Bern, 29.06.2015 – Der Eidgenössische Datenschutz- und Öffentlichkeitsbeauftragte (EDÖB) Hanspeter Thür stellt heute der Öffentlichkeit seinen 22. Tätigkeitsbericht vor. Im Bereich Datenschutz prägten die Aufsicht über Datenbearbeitungen von Unternehmen das Tätigkeitsjahr 2014/2015 ebenso wie die Beratung von Bürgerinnen, Behörden und Firmen. Im Öffentlichkeitsprinzip vermittelte der EDÖB in mehreren Schlichtungen zwischen Behörden und Gesuchstellern und erliess zahlreiche Empfehlungen. Darüber hinaus nahm er in beiden Bereichen zu wichtigen Gesetzesvorlagen Stellung.

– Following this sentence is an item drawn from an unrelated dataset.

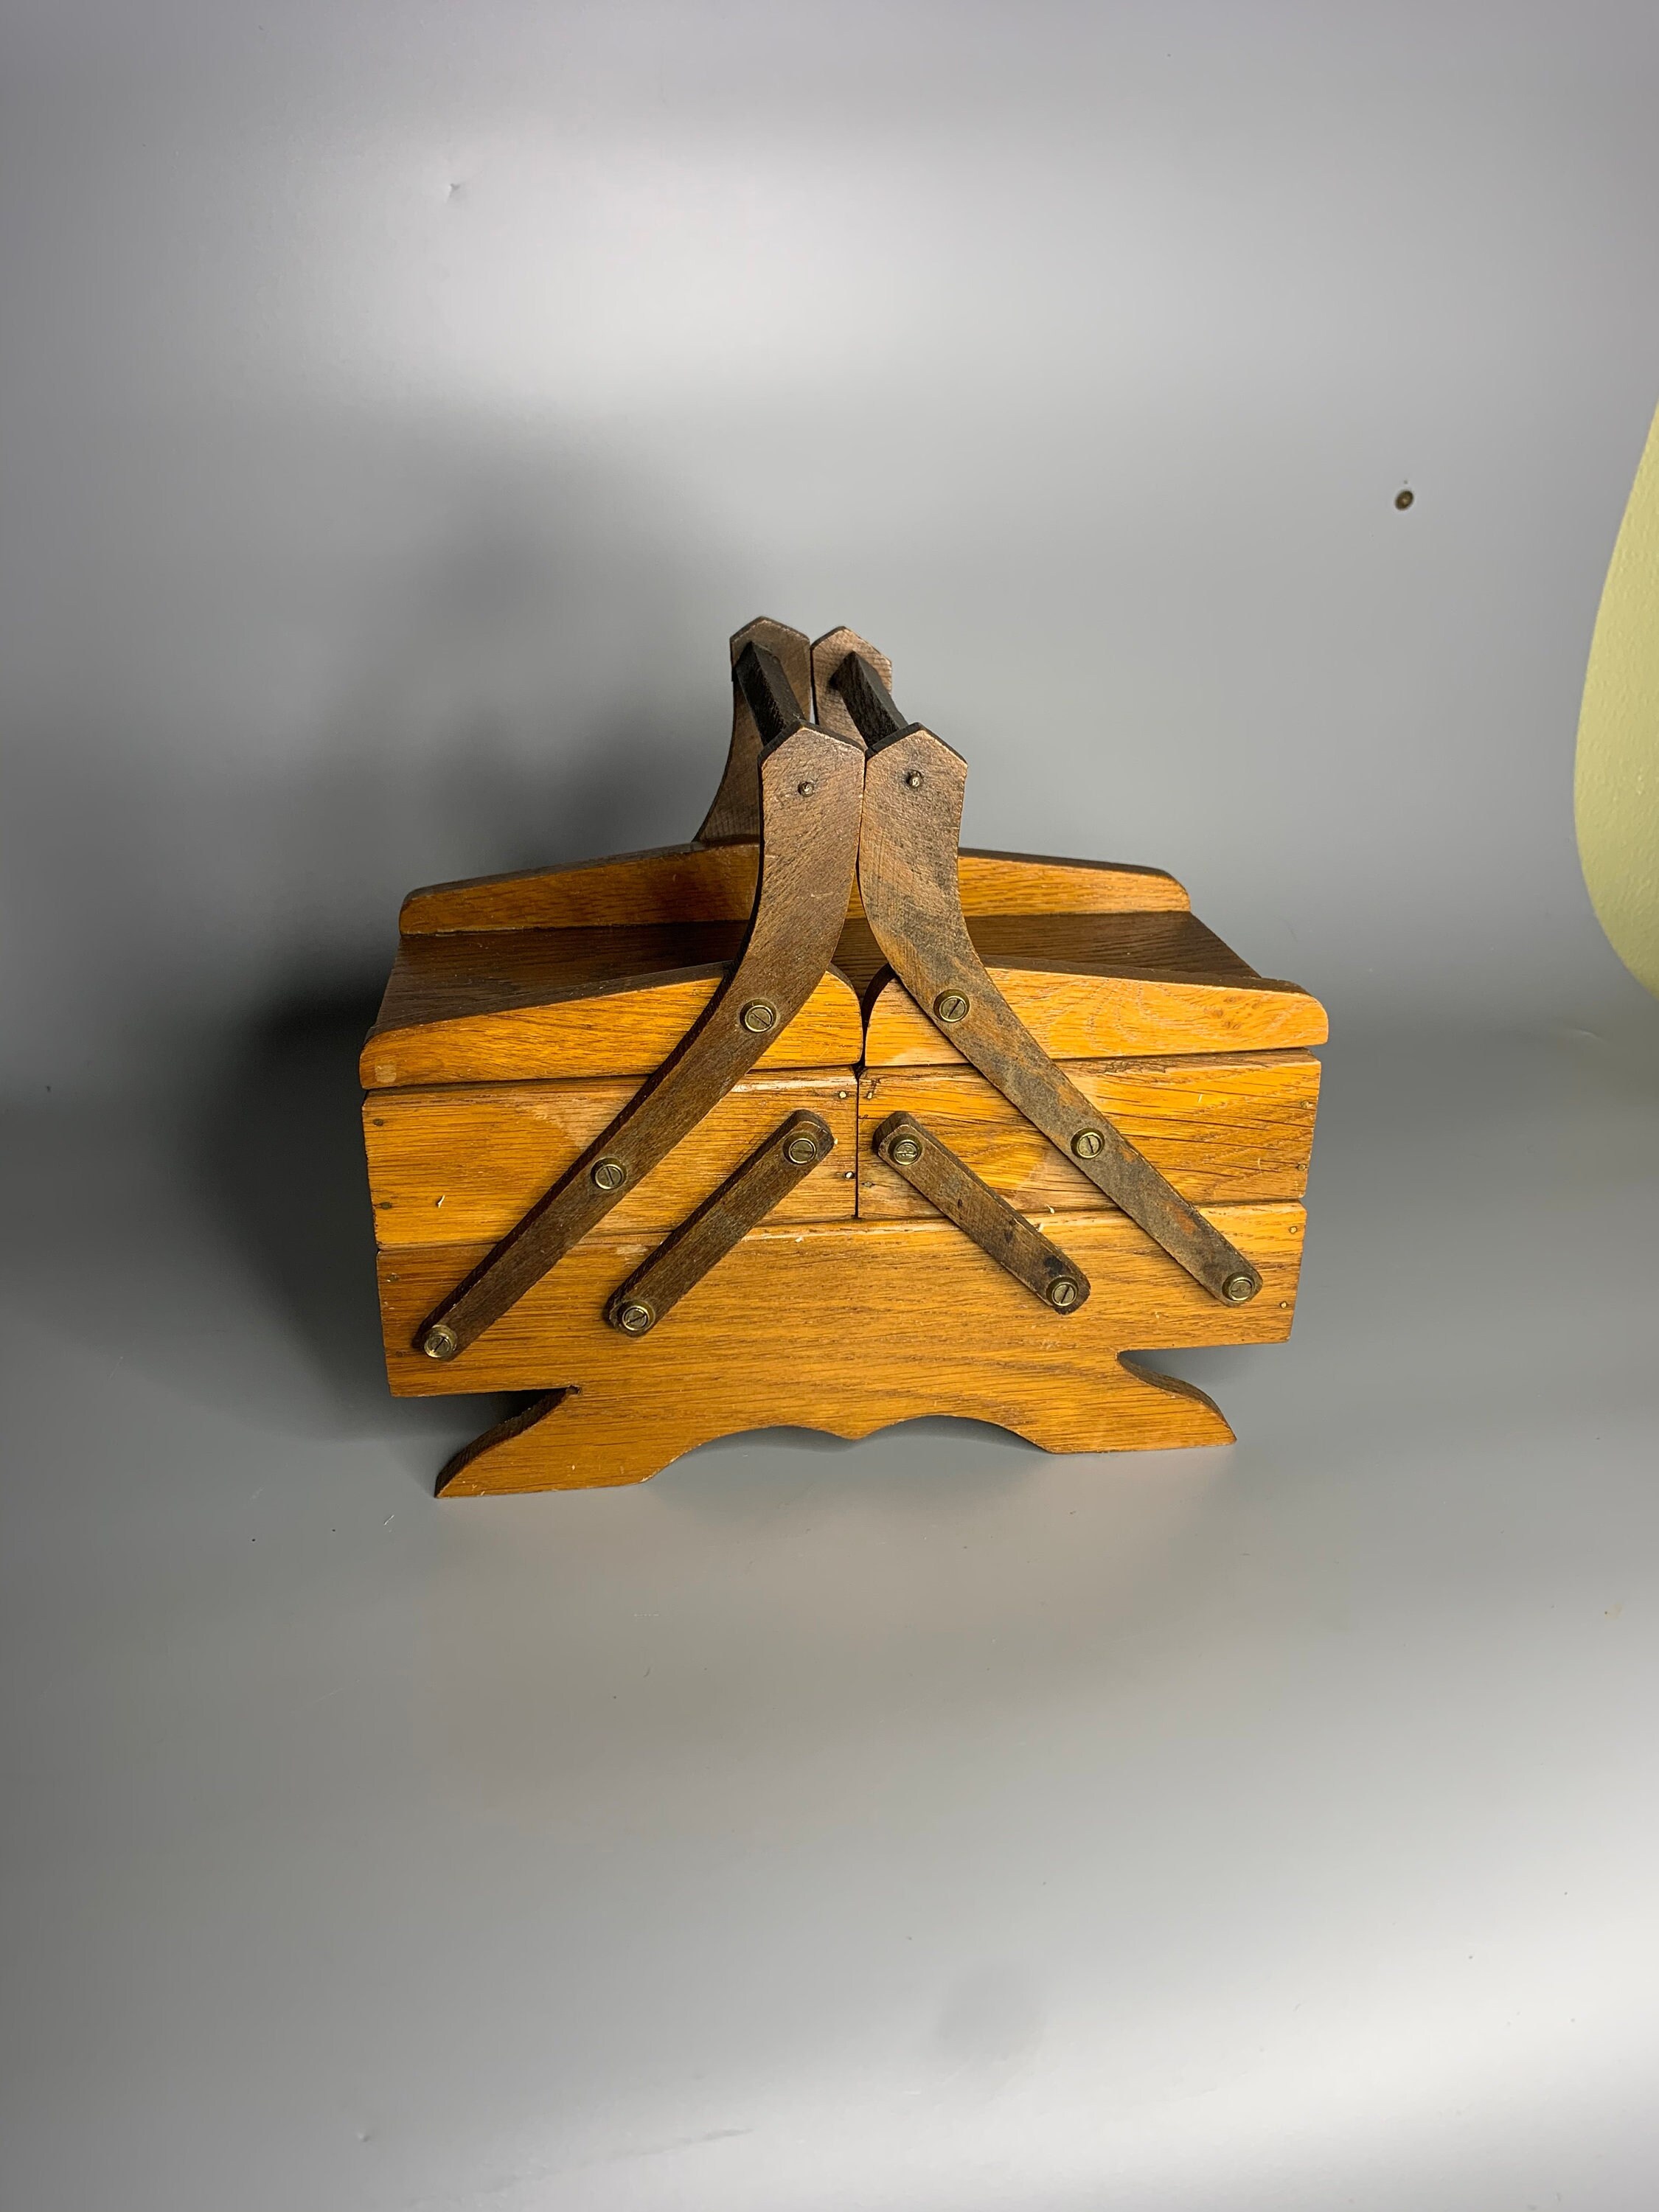 Sewing Box Wooden Box Carved Box Trinket Box Jewelry Box

Die Entwicklung in Zusammenhang mit Big Data, der Verknüpfung und Analyse grosser Datenbestände, schlägt sich auch in den Tätigkeiten des EDÖB nieder. So sorgte im vergangenen Jahr die Firma Postfinance mit der Ankündigung für Aufsehen, im Rahmen ihres Onlinebankingportals künftig den Zahlungsverkehr der Kontoinhaber analysieren zu wollen. Der Widerspruch gegen die Datenauswertung hätte für die Kunden den Ausschluss vom E-Banking zur Folge gehabt. Nach Intervention des EDÖB in Form einer Sachverhaltsabklärung erklärte sich Postfinance bereit, den Kunden Wahlmöglichkeiten zu bieten und sie genauer zu informieren. Die Abklärung bei der Auskunftei Moneyhouse, die auf ihrer Website eine Vielzahl an Dienstleistungen anbietet und dabei unzählige Daten von Privatpersonen ohne deren Einwilligung zugänglich macht, konnte in diesem Jahr mit einer Empfehlung abgeschlossen werden. Da Moneyhouse diese nur teilweise umsetzen will, zieht der EDÖB den Fall vor das Bundesverwaltungsgericht.

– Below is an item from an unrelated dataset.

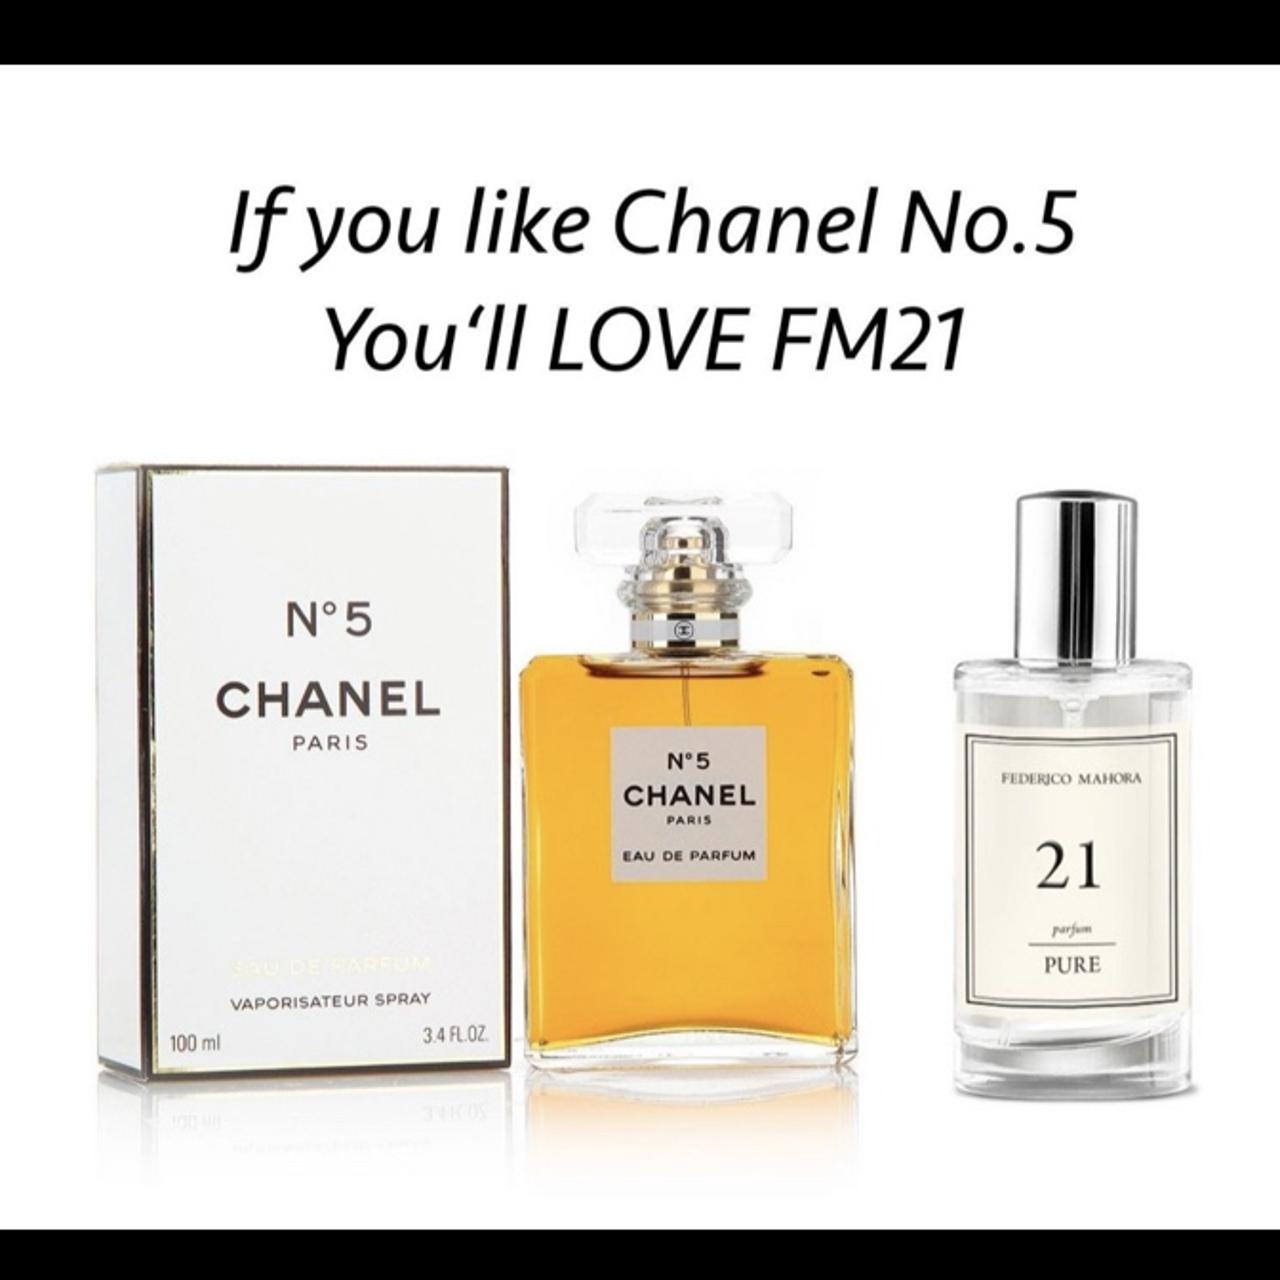 Fm no 21 perfume, Smells exactly like Chanel no 5

Im Bereich der staatlichen Überwachung richtete sich der Fokus auch dieses Jahres auf das neue Nachrichtendienstgesetz (NDG) und das Gesetz betreffend die Überwachung des Post- und Fernmeldeverkehrs (BÜPF). Die Erweiterung der Überwachungs- und Informationsbeschaffungsmassnahmen um Staatstrojaner, IMSI-Catcher u.a. birgt beträchtliche Risiken für die Privatsphäre. Bei beiden Gesetzen setzte sich der EDÖB deshalb dafür ein, dass der Einsatz dieser Mittel klar und abschliessend definiert wird und nicht ohne richterliche Anordnung erfolgt. Auch zur heiklen Frage der Auslagerung von Behördendaten ins Ausland nahm der EDÖB im Berichtsjahr Stellung. Aufgrund der akuten Gefahr von Zugriffen durch ausländische Behörden rät er Bundesorganen davon ab, Datenbearbeitungen an Cloudanbieter auszulagern, die ihren Sitz in den USA oder in anderen Staaten ohne gleichwertiges Datenschutzniveau haben.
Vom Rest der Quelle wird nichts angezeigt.